「この香り、ズルしてる?」──日本酒の付け香とは何か
「付け香(つけか)って知ってる?この酒、絶対付け香だよね〜」
ある大手が出して大ヒットしたパック酒について、そんなふうに語る人に遭遇しました。ほほー、そうですか。
そもそも付け香って何なのでしょうか。実際に今でも行われているのでしょうか?気になるポイントをまとめてみました。
1. 付け香って結局何?
日本酒の華やかな香り(いわゆる吟醸香)は、本来は発酵中の酵母がつくり出すエステル類などの成分がそのまま香っています。
ところが醸造後、人工的に香りエキスを加えて“吟醸香らしさ”を補う手法がかつて存在しました。
これが付け香と呼ばれるものです。着香(ちゃっこう)とも言います。バナナやリンゴのようなフルーティーな香りを出すため、カプロン酸エチルや酢酸イソアミルといった成分を後から添加するんですね。
2. どうやって香りをつけていたの?
1960年代、国の醸造試験所が開発したのが「香気捕集液」方式。発酵中の醪(もろみ)の香りをマイナス温度のエタノールで冷却したものをキャッチし、その抽出液を清酒にちょい足しするという技術です。
通称ヤコマンとも言われます。

理屈は面白いんですが、香りが飛びやすく安定しない、味わいとのバランスを崩しやすい、などの弱点があり、「香りは派手だけど味がついてこない」という評価が付きまといました。
3. 法律的には許される?
酒税法で“清酒”と名乗れる原材料は米・米こうじ・水(または醸造アルコールなど)に限られ、香料は範囲外。さらに1972年以降、全国新酒鑑評会の出品規定にも「香気捕集液などによる付香はNG」と明文化されました。

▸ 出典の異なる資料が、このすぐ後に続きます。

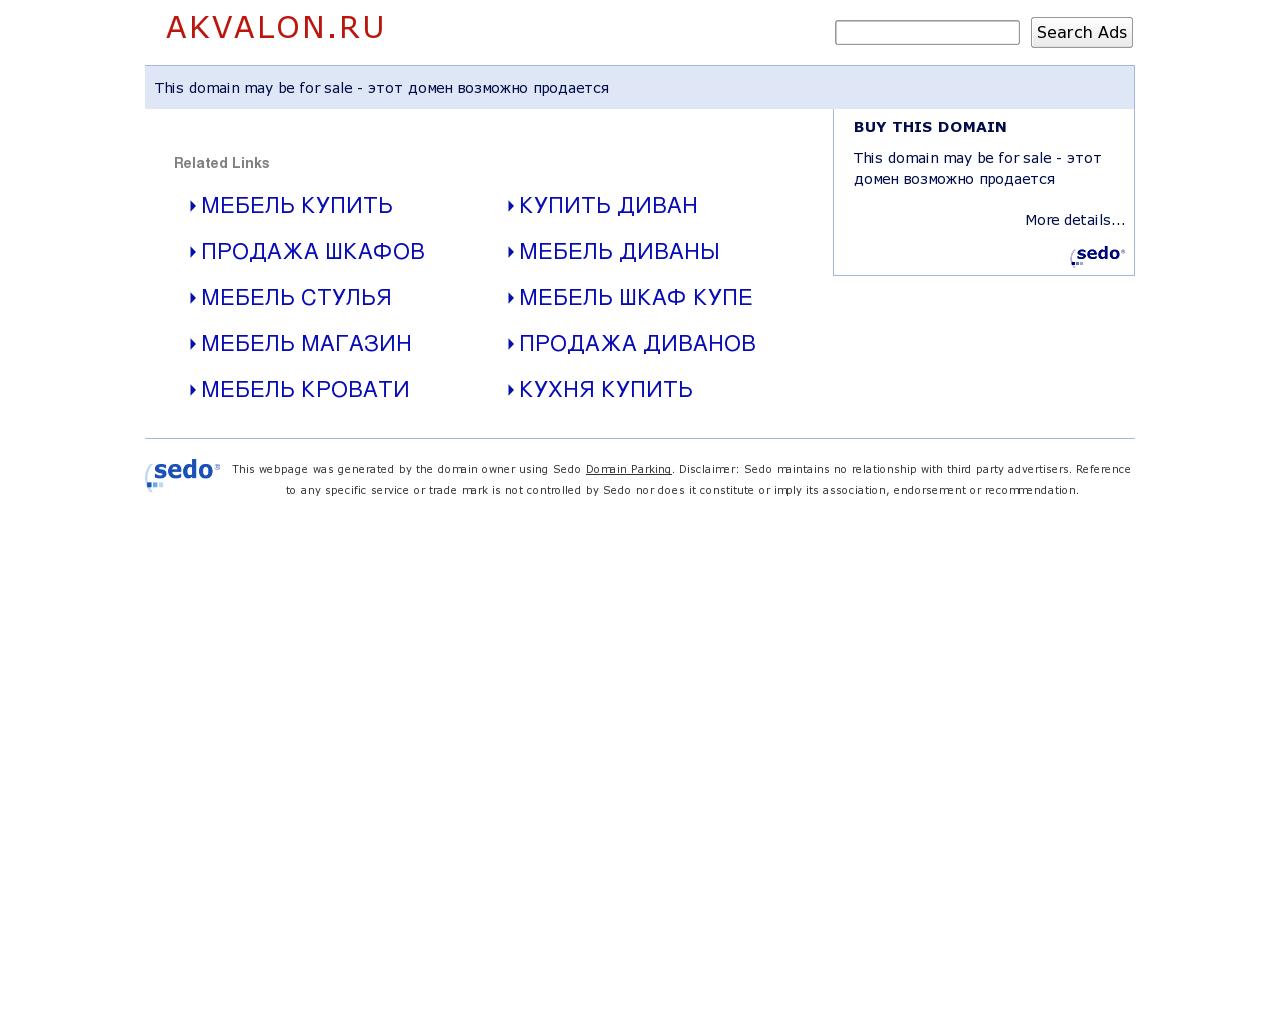 Изображение сайта akvalon.ru в разрешении 1280x1024

つまり今の日本酒業界では公式にアウトというわけです。着香したお酒を「清酒」として堂々と売るのは難しい状況になっています。
4. 令和の今でもやっている蔵はある?
結論から言えば、ほぼ皆無(のはず)です。理由は先に書いた通り法規制があるからというのと、やったとしても不自然なので消費者にはすぐバレるから。

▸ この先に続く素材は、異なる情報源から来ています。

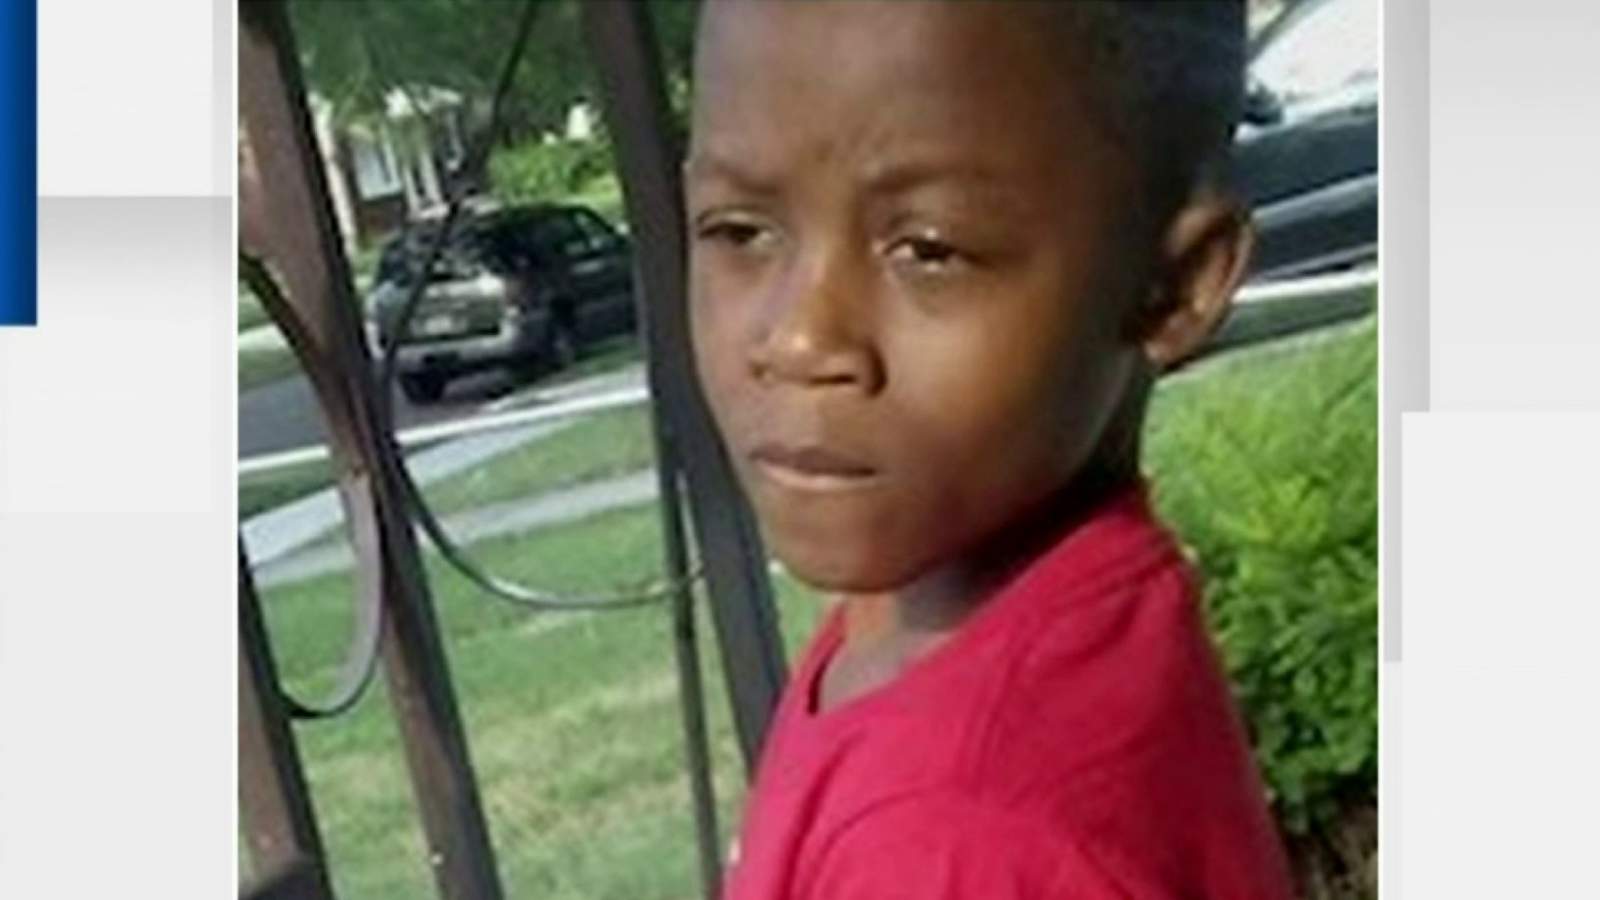 Siblings of 10-year-old killed in Warren shooting speak out

唯一可能性があるとすれば、料理酒や合成清酒のような低価格帯で「日本酒風味」を補うケース。ただしこれは“清酒”とは別カテゴリー(合成清酒・リキュール)として扱われます。
まとめ
付け香(着香)=人工的に吟醸香を後付けする行為
昭和には研究・実用例があったが、今は業界的にタブー
技術的にも香りが飛びやすく、味わいとのバランスを崩しやすい
令和の蔵元は酵母選択や低温発酵など、正攻法で香りを磨くのが当たり前
もし過剰に香りが強い日本酒に出会ったら、まずは蔵の造りや使用酵母を調べてみるのがおすすめです。仮に不自然なくらい華やかな吟醸香があったとしても、酵母や巧みな発酵コントロールの賜物かもしれません。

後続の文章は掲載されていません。